2019/01/11  東京大学,科学技術振興機構,東北大学

ポイント
  • 周期的に孔の空いたナノチューブ(周期孔ナノチューブpNT)を化学合成しました。
  • 6角形の「ベンゼン」をつなぎ合わせる「カップリング反応」を3種類活用することで、効率的な合成方法を確立しました。
  • 長さ・太さが明確で一義的な筒状分子であり、工業的な化学合成も容易となると想定されることから、今後、材料科学分野などでの応用が期待されます。

東京大学 大学院理学系研究科の磯部 寛之 教授(JST ERATO磯部縮退π集積プロジェクト 研究総括)の研究グループは、周期的に孔の空いたカーボンナノチューブ(周期孔ナノチューブpNT)の化学合成に成功しました。芳香族カップリング反応注1)を、独自の工夫を凝らして活用することで、ベンゼンを40個、筒状につなげることに成功したものです。今回の研究では、長さと太さが、ともにおおよそ2ナノメートルのナノチューブを誕生させました。長さや太さは、今後、自在に設計可能となると見込まれます。本研究グループは、周期孔ナノチューブpNTの筒のなかに、楕円球状分子C70フラーレンを複数取り込ませることにも成功しています。さらに、理論研究により、周期孔があることで、ナノチューブの電子的性質が大きく変わっていることを見いだしました。これまでのカーボンナノチューブは、長さや太さがふぞろいでしたが、周期孔ナノチューブpNTは長さ・太さといった分子構造が明確で一義的な「分子性物質注2)」であることから、今後、炭素材料の応用研究に貢献するものと期待されます。

本研究成果は、国際学術雑誌「Science」に2019年1月11日(日本時間)に掲載されます。

本研究は、JST 戦略的創造研究推進事業 総括実施型研究(ERATO)「磯部縮退π集積プロジェクト」および科学研究費助成事業の一環として進められました。
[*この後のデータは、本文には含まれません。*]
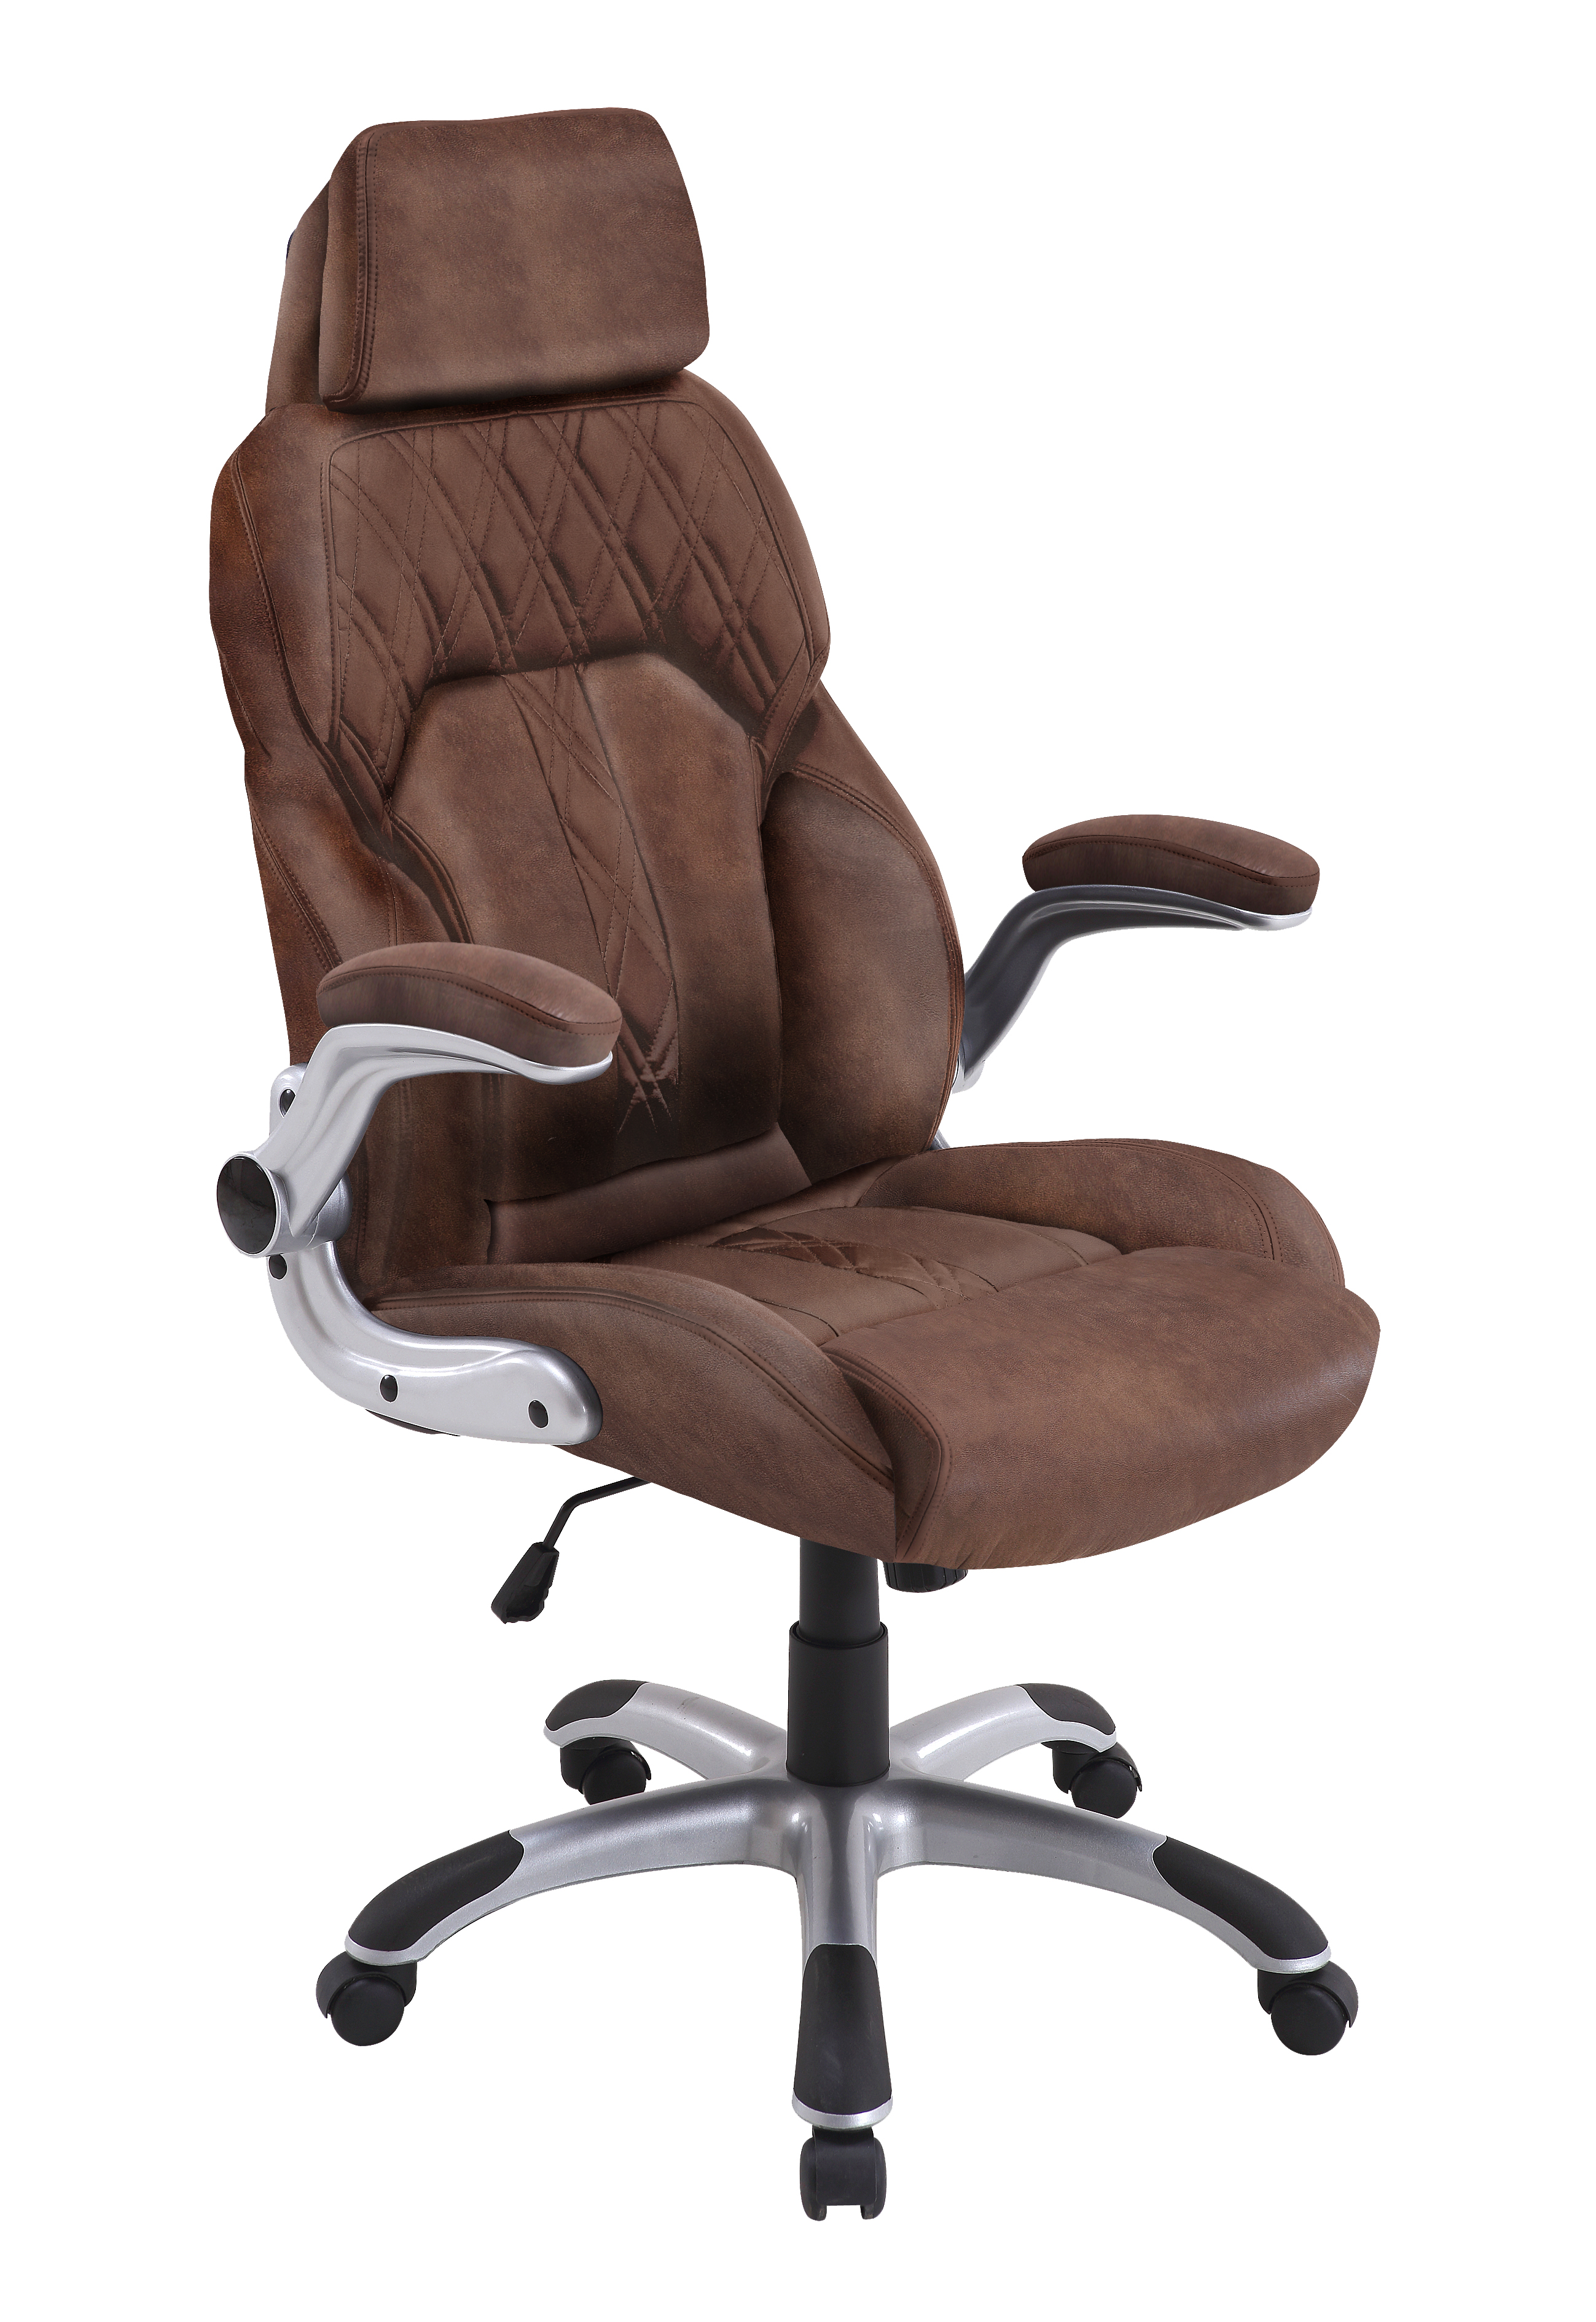 Luxus-Chefsessel Chefsessel, multifunktionale 3D-Armlehne, Verstellbarer,  anhebbarer, drehbarer Computersitz (braun)

X線回折による分子構造決定には、一部、大型放射光施設SPring-8注3)の最先端設備(BL38B1)が活用されています。

<発表内容>

1991年の飯島 澄男 博士の発見以来、カーボンナノチューブCNT注4)は、新しい炭素材料として期待され、材料科学分野などで活用されはじめてきています。しかし、その製造が物理的な手法を用いているために、CNTは長さや太さがふぞろいな混合物として提供されています。ごく最近になり「化学合成」という化学的な手法を用いることで、長さと太さが一義的に決まった筒状分子の製造が試みられ始めています。しかし化学合成では、ナノメートルにも満たない非常に短い筒状分子の合成はなされたものの、より長いナノチューブの製造は実現されていませんでした。

今回、本研究グループは、周期的に孔が空いた新しいナノチューブ「周期孔ナノチューブpNT」の化学合成に成功しました(図1、2)。芳香族カップリング反応と呼ばれる化学反応を用いることで、ベンゼン環を40枚、筒状につなげたものです(図3)。化学反応で規則的に並べられた炭素の数は、304個。鍵となる芳香族カップリング反応には、ニッケル(Ni)を用いた「山本カップリング反応」、パラジウムを用いた「鈴木カップリング反応」および白金(Pt)を用いた「大環状化反応」の3種を用い、ベンゼン環とベンゼン環の間に、合計52本の化学結合をつくりだしました。化学反応の順序や反応に用いる基質を工夫することで、筒状構造を設計しているため、長さや太さの異なる周期孔ナノチューブの合成にも容易に発展可能です。

今回の合成でつくりだした周期孔ナノチューブpNTのサイズを図4に示します。筒状構造の長さは1.71ナノメートル、太さは1.64ナノメートルであり、ともにおおよそ2ナノメートルの筒状分子です。筒状分子の化学合成は世界的にも熾烈な競争のある活発な分野となっています。今回、合成されたpNT分子は、ベンゼン環に換算して7枚分の長さがあり、これまで合成された筒状分子のなかで世界最長のナノチューブ分子となります。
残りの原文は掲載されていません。